Rigorosa ed intransigente, Erica è un'insegnante di pianoforte non più giovane che vive insieme all'anziana madre in una squallida e indolente cattività emotiva tra le lezioni private, i saggi al conservatorio e la grigia routine della vita domestica . Le attenzioni e l'interesse sentimentale di un suo allievo solleticano in lei l'istinto malsano di una perversa sessualità che impone al giovane amante il dispotico rituale di una cieca sottomissione, suscitandone la reazione violenta e disgustata fino ad una drammatica resa dei conti. Finale sospeso.
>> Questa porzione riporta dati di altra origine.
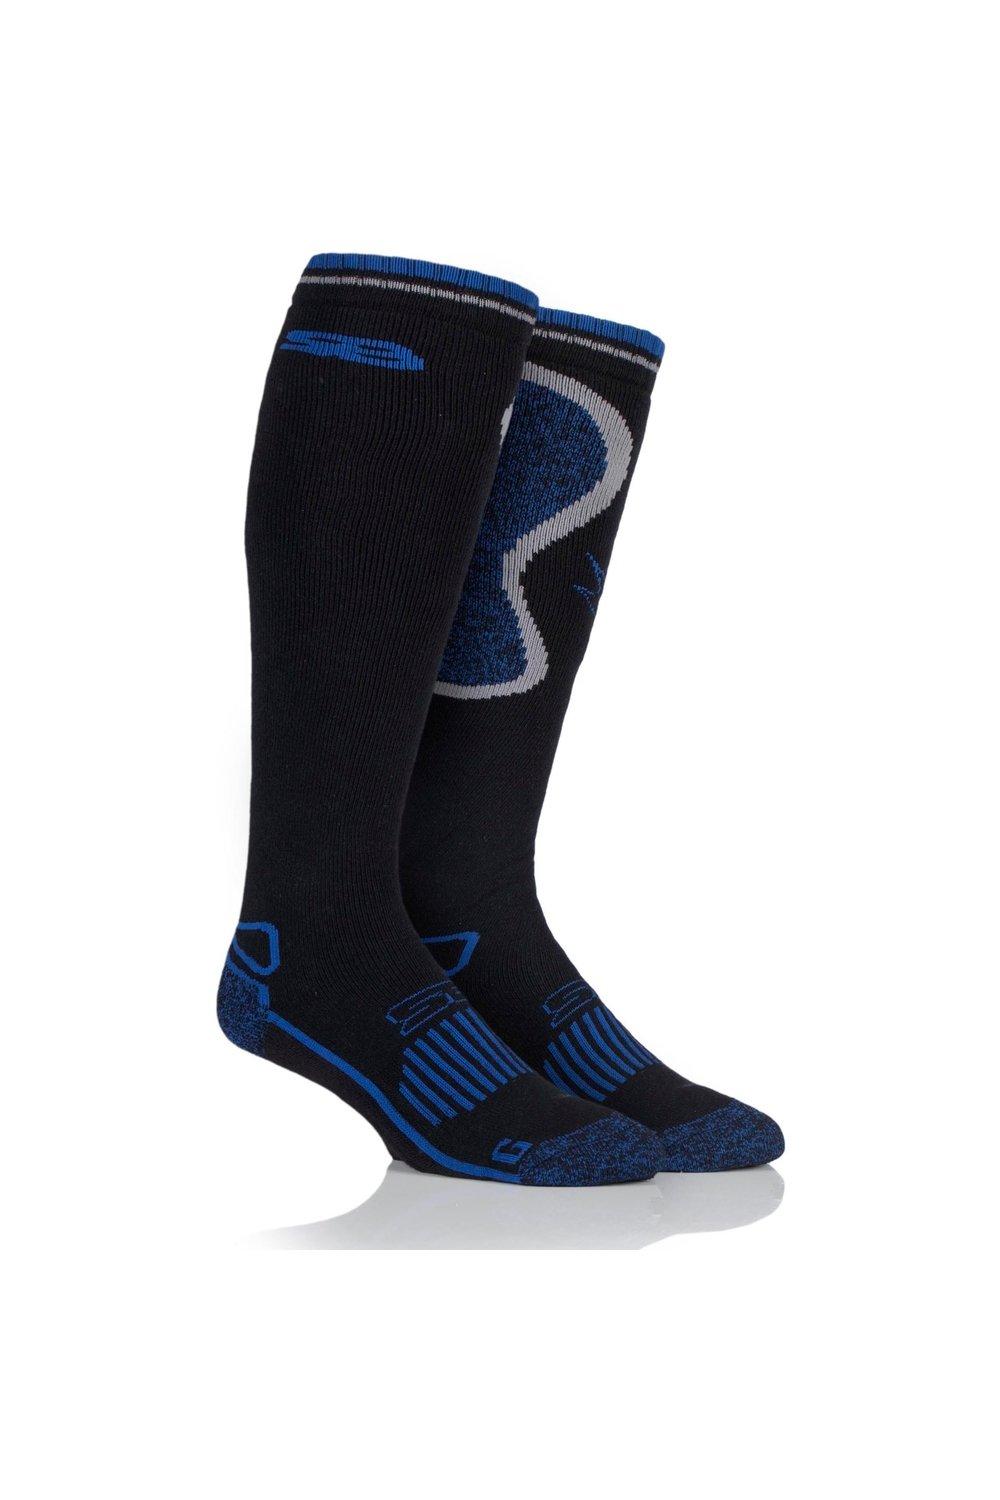 1 пара длинных носков из смесовой шерсти BlueGuard в стиле кантри SOCKSHOP Storm Bloc, черный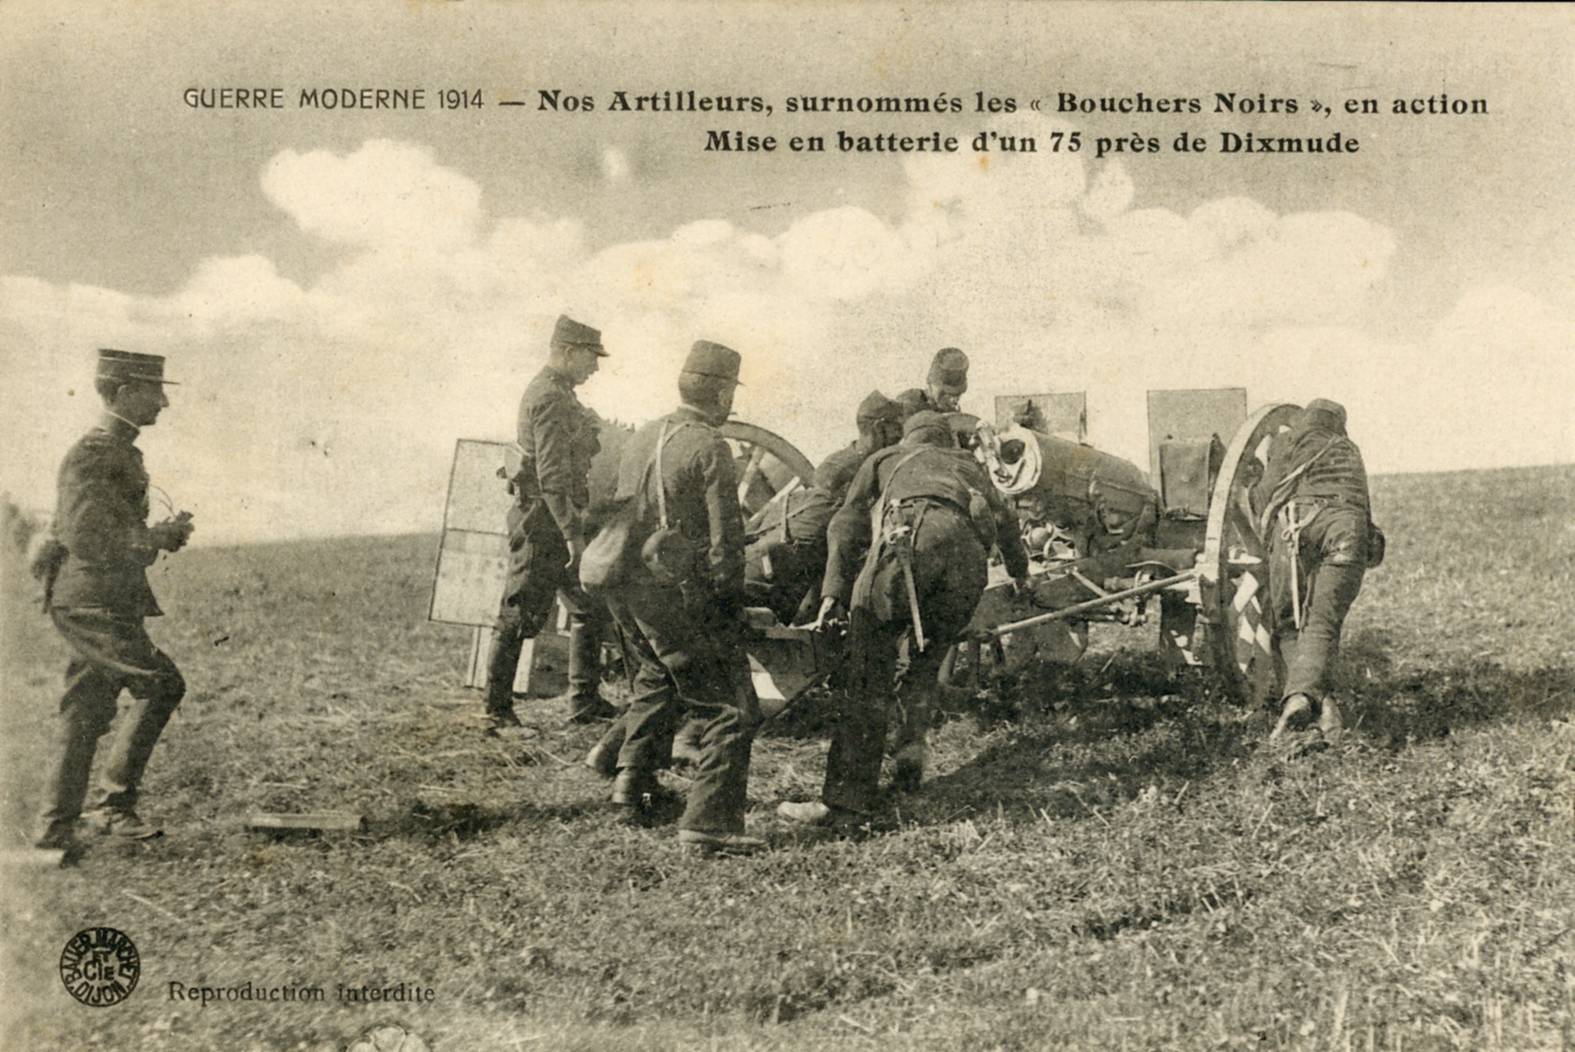 Guerre moderne 1914: Nos Artilleurs surnommés les "Bouchers Noirs" en action - Mise en batterie d'un 75 près de Dixmude.-- Photo Bauer-Marchet (1914) © Archives 61ème RA Photo Bauer-Marchet (1914). -

Risultato di una strenua corrispondenza tra le astrazioni di un soggetto di violento realismo psicologico e la precisione chirurgica di una rigorosa messa in scena, l'opera di Haneke scandaglia con la fredda lucidità di uno sguardo impietoso, gli invisibili recessi di una disperazione sociale ed emotiva al di sotto di una superficie di relazioni ordinarie in cui si forma ed emerge l'identità dell'individuo, dove si manifesta chiaro il segno di una disumana insensibilità e l'emergere di un brutale istinto di prevaricazione e di affermazione di sè.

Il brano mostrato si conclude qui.